DispatchQueue uses enter() and leave() to group chunks of code into one work item and process them in the group. This can be done async or sync.

Note that DispatchQueues do not use sync, because the purpose would not make sense. The whole purpose of a DispatchGroup is to have multiple tasks run, and notify when they are done. Since sync is done one by one, and in order, there is no purpose to notify anything due to the nature of sync: Each task must begin and end in order.

Source Code

import UIKit

class ViewController: UIViewController {

let globalQueue = DispatchQueue.global()

var button : UIButton? = nil

func action(selector:UIButton) {

print("Button Clicked")

}

override func viewDidLoad() {

print("--viewDidLoad--")

super.viewDidLoad()

self.button = UIButton(type: UIButtonType.roundedRect) as UIButton

self.button?.backgroundColor = UIColor.orange

self.button?.addTarget(self, action: #selector(action), for: UIControlEvents.touchUpInside)

self.button?.frame = CGRect(x: 80, y: 60, width: 200, height: 80)

self.button?.setTitle("Push Me", for: .normal)

print("button created")

self.view.addSubview(self.button!)

print("view hieararchy added button")

}

override func viewDidAppear(_ animated: Bool) {

super.viewDidAppear(animated)

let dispatchGroup = DispatchGroup()

for i in 0...3 {

// get another global queue, and so async operation

(DispatchQueue.global(qos: .userInitiated)).async(group: dispatchGroup, qos: .userInitiated, flags: .assignCurrentContext) {

() -> Void

dispatchGroup.enter()

// code below here have entered the dispatch group

print("----- code execution entered dispatchGroup for index \(i) ------")

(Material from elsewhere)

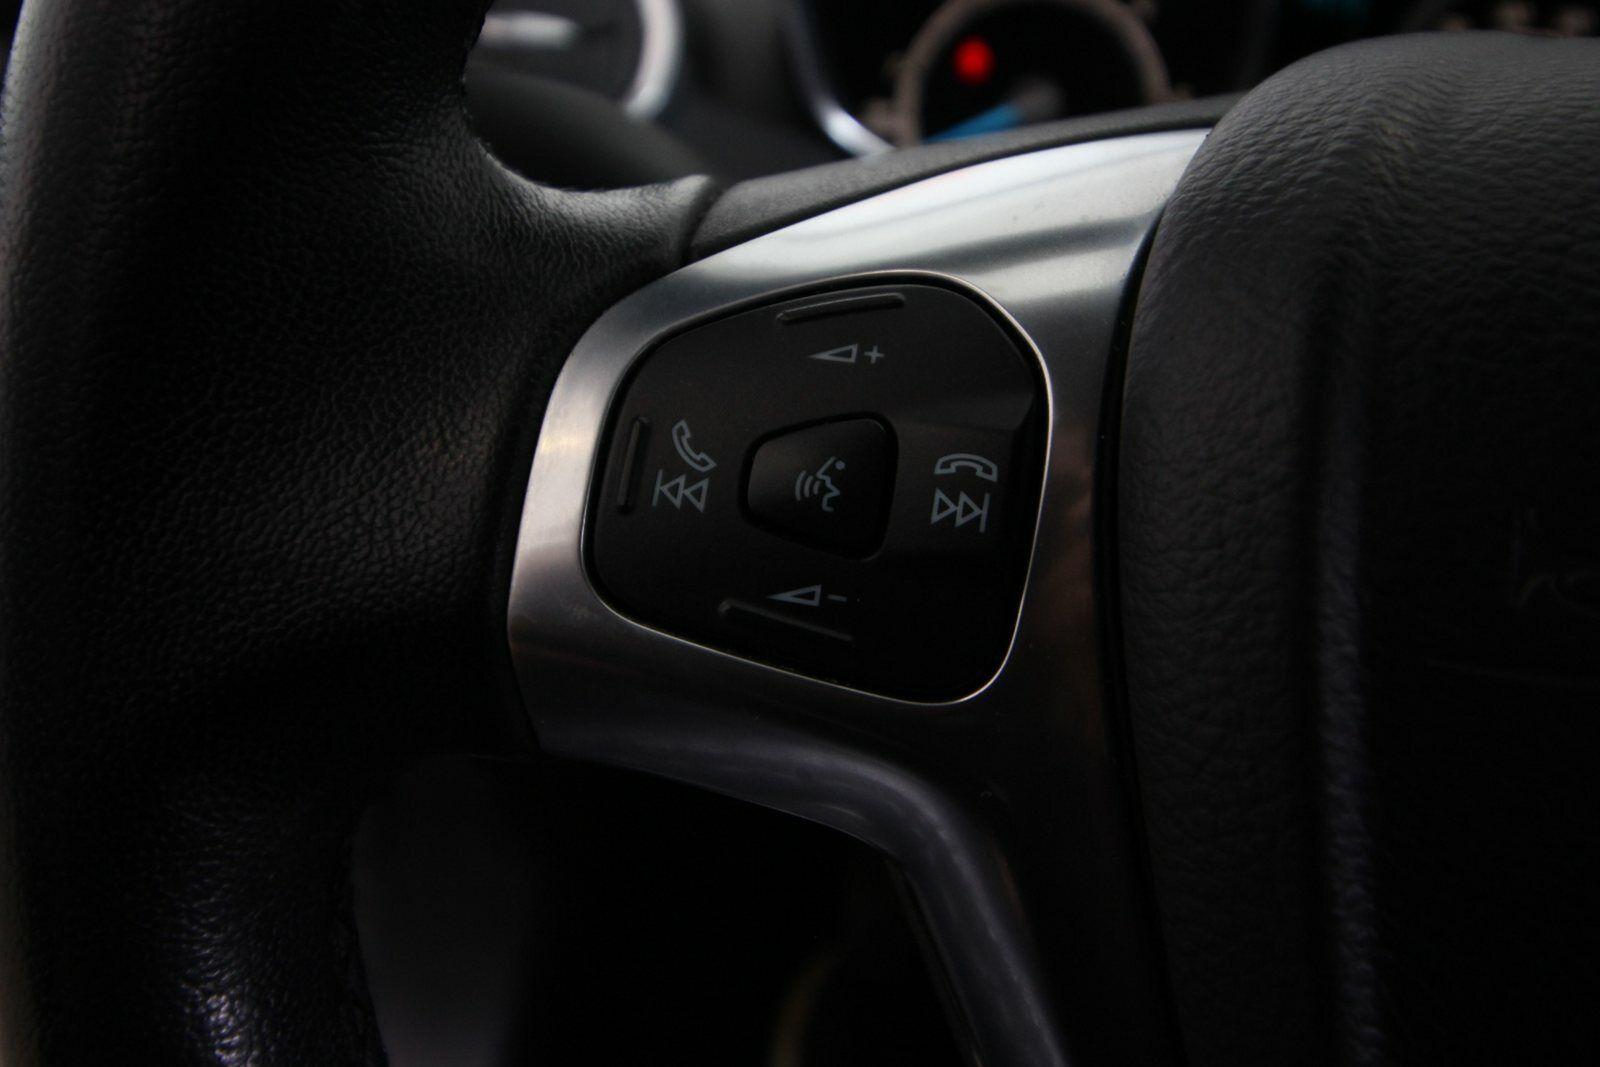 Ford Fiesta TDCi 95 Titanium Van

print("code execution \(i) start")

for j in 0...100 {

Thread.sleep(forTimeInterval: 0.01 * TimeInterval(i))

print("\(j)----\(i)---")

}

print("code execution \(i) finish\n")

// code done. execution leaves

dispatchGroup.leave()

print("------ code execution left dispatchGroup for index \(i) --------")

}

// The code below is called when there are no more items

// left in the group. You also specify that you want to schedule the completion work to be run on the global queue. If you want it done on the main queue display use DispatchQueue.main

dispatchGroup.notify(queue: DispatchQueue.global(qos: .userInitiated)) {

() -> Void

print("\nBlock 4\n")

}

} // for

}

override func didReceiveMemoryWarning() {

super.didReceiveMemoryWarning()

// Dispose of any resources that can be recreated.

}

First, take note that we are looping through placing code chunks onto a global queue via async operation. Thus,

for i in 0...3 {

// code chunk gets placed onto the global queue

}

Then these 4 code chunks gets processed by the global queue asynchronously. Their initial lines gets printed:

—– code execution entered dispatchGroup for index 0 ——
—– code execution entered dispatchGroup for index 2 ——
—– code execution entered dispatchGroup for index 3 ——
—– code execution entered dispatchGroup for index 1 ——
code execution 0 start
code execution 2 start
code execution 3 start
code execution 1 start

This means that for each code chunk, that code chunk has placed a section of code into the dispatchGroup. In our case, the section of code prints 0 to 100.
The dispatchGroup now has 4 section of code to process.

dispatchGroup.enter()

// section of code

dispatchGroup.leave()

The dispatchGroup will now execute the 4 section of code asynchronously.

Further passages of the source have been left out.